• **Task statement**: Would you print out all of the data exactly and keep the pictures out of it?

• **Provided data**:
↓↓↓

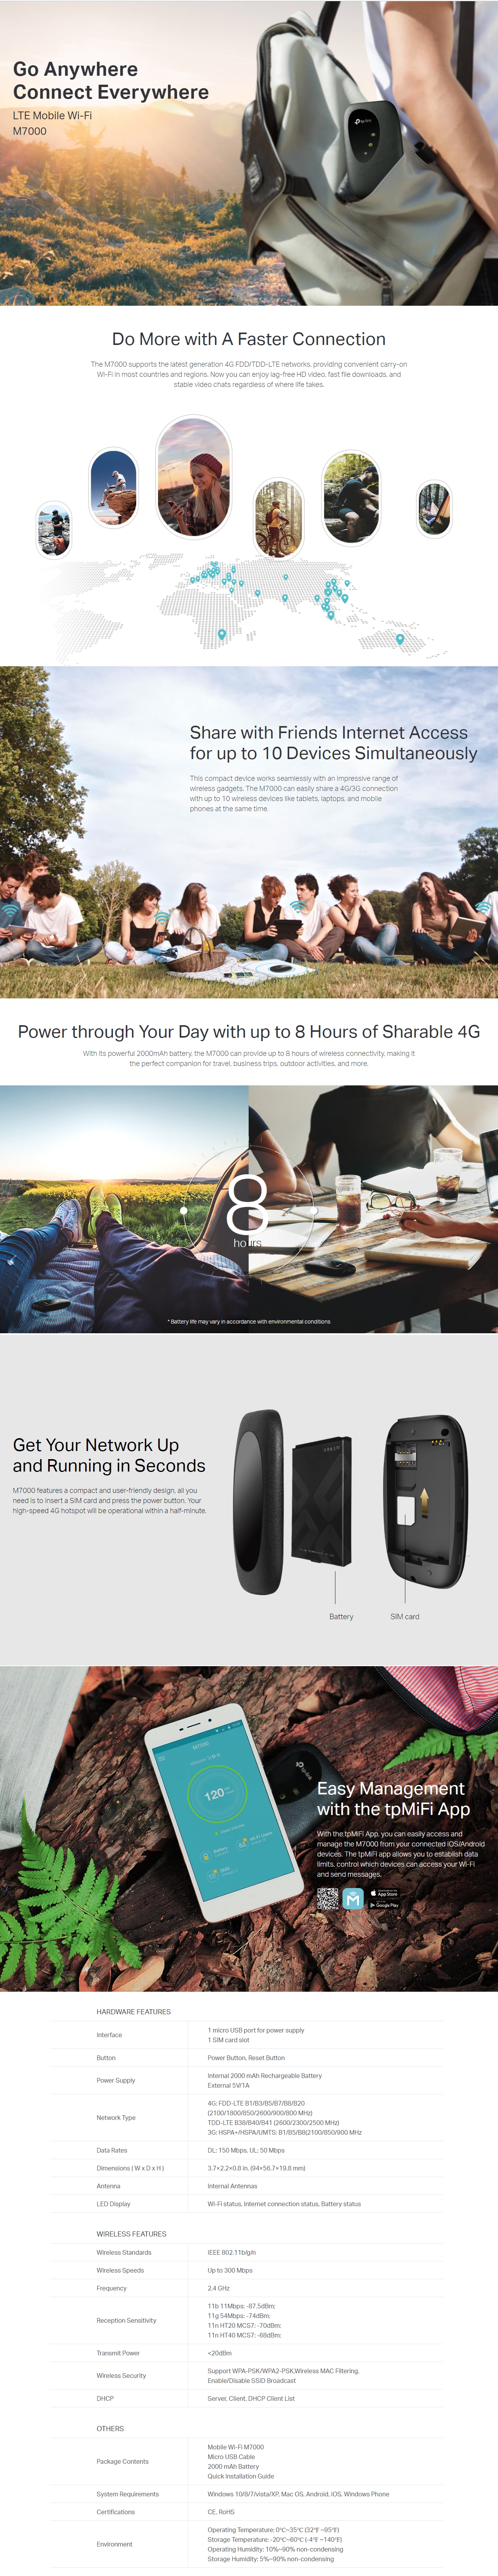 A large marketing image providing additional information about the product TP-Link M7000 - 4G LTE Mobile Wi-Fi Router - Additional alt info not provided
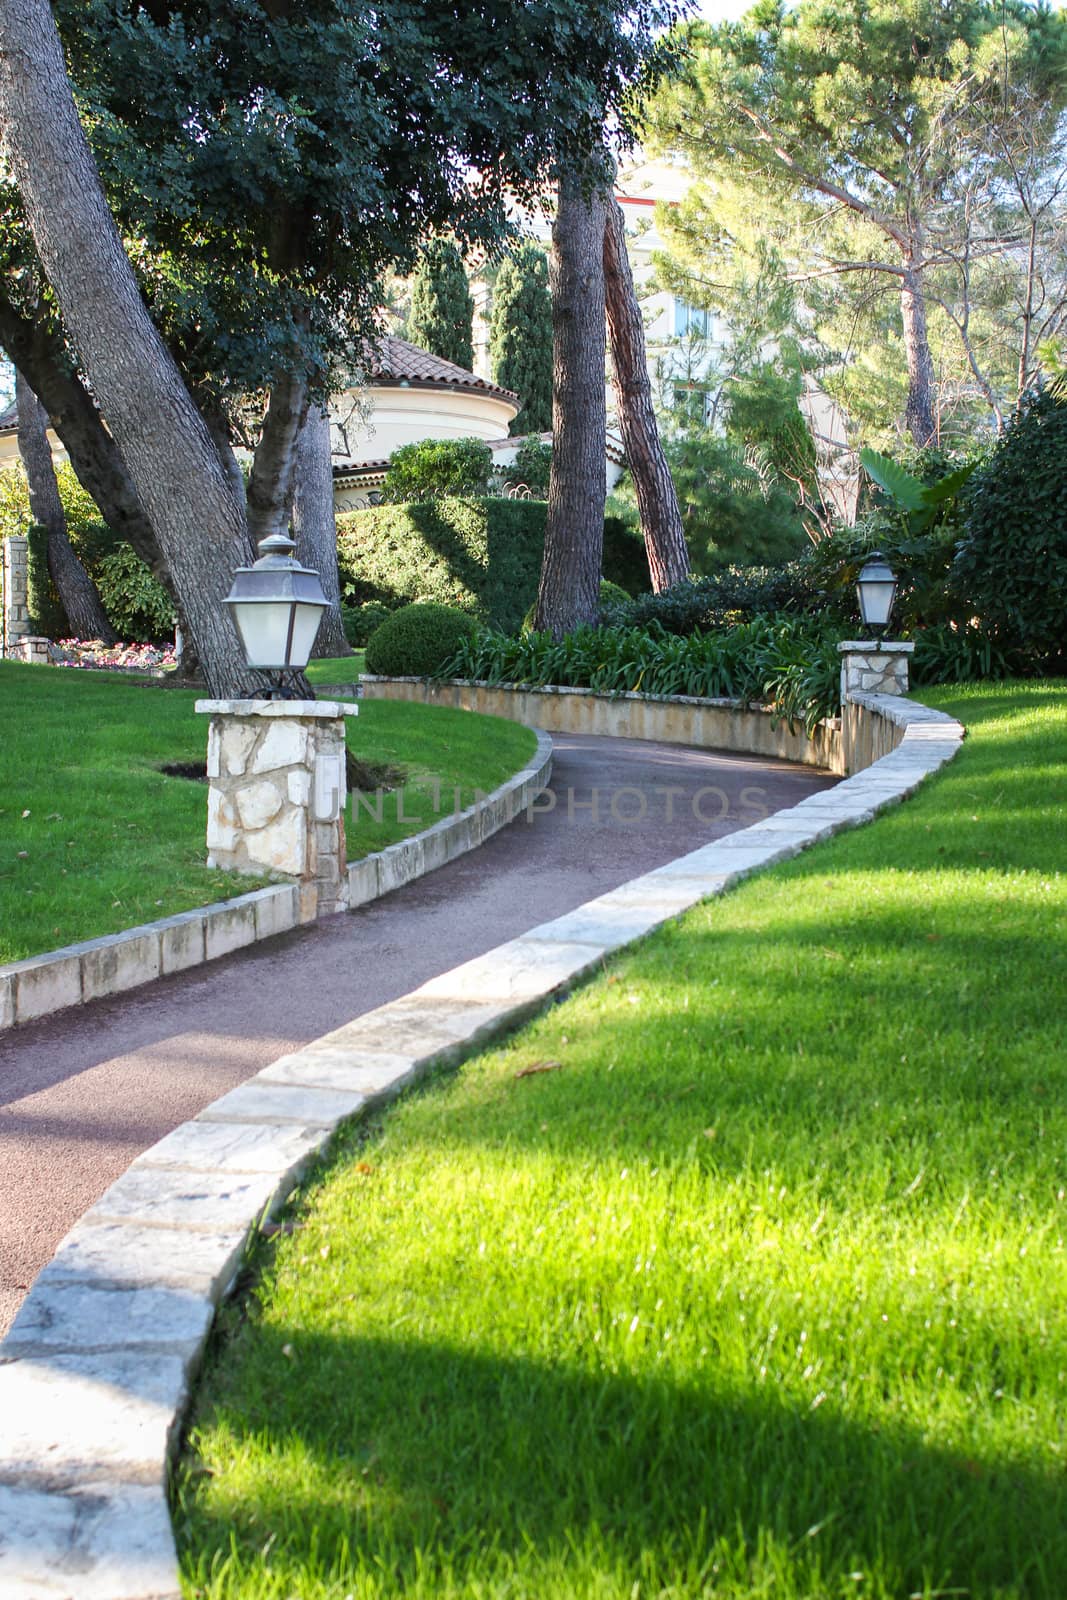 Walkway with Green Grass and Trees in the background
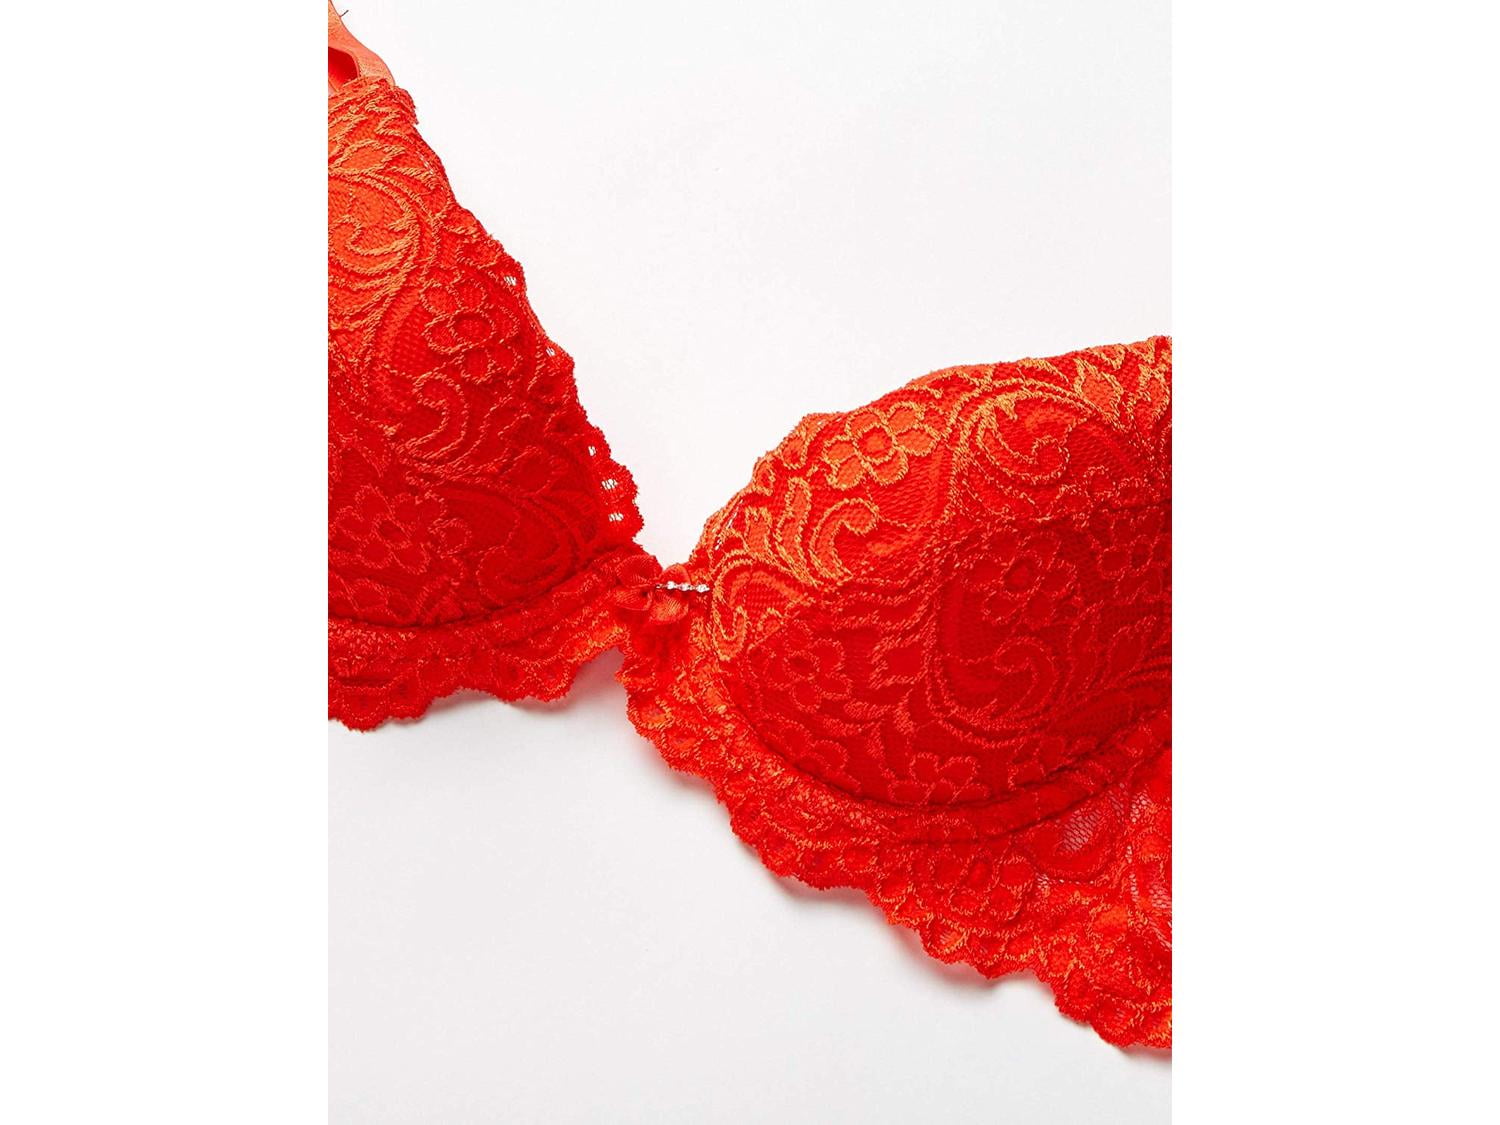 Smart And Sexy Smart And Sexy Women S Signature Lace Push Up Bra Style 85046

↑↑↑

• **Answer box**:
 A large marketing image providing additional information about the product TP-Link M7000 - 4G LTE Mobile Wi-Fi Router - Additional alt info not provided
 Walkway with Green Grass and Trees in the background
 Smart And Sexy Smart And Sexy Women S Signature Lace Push Up Bra Style 85046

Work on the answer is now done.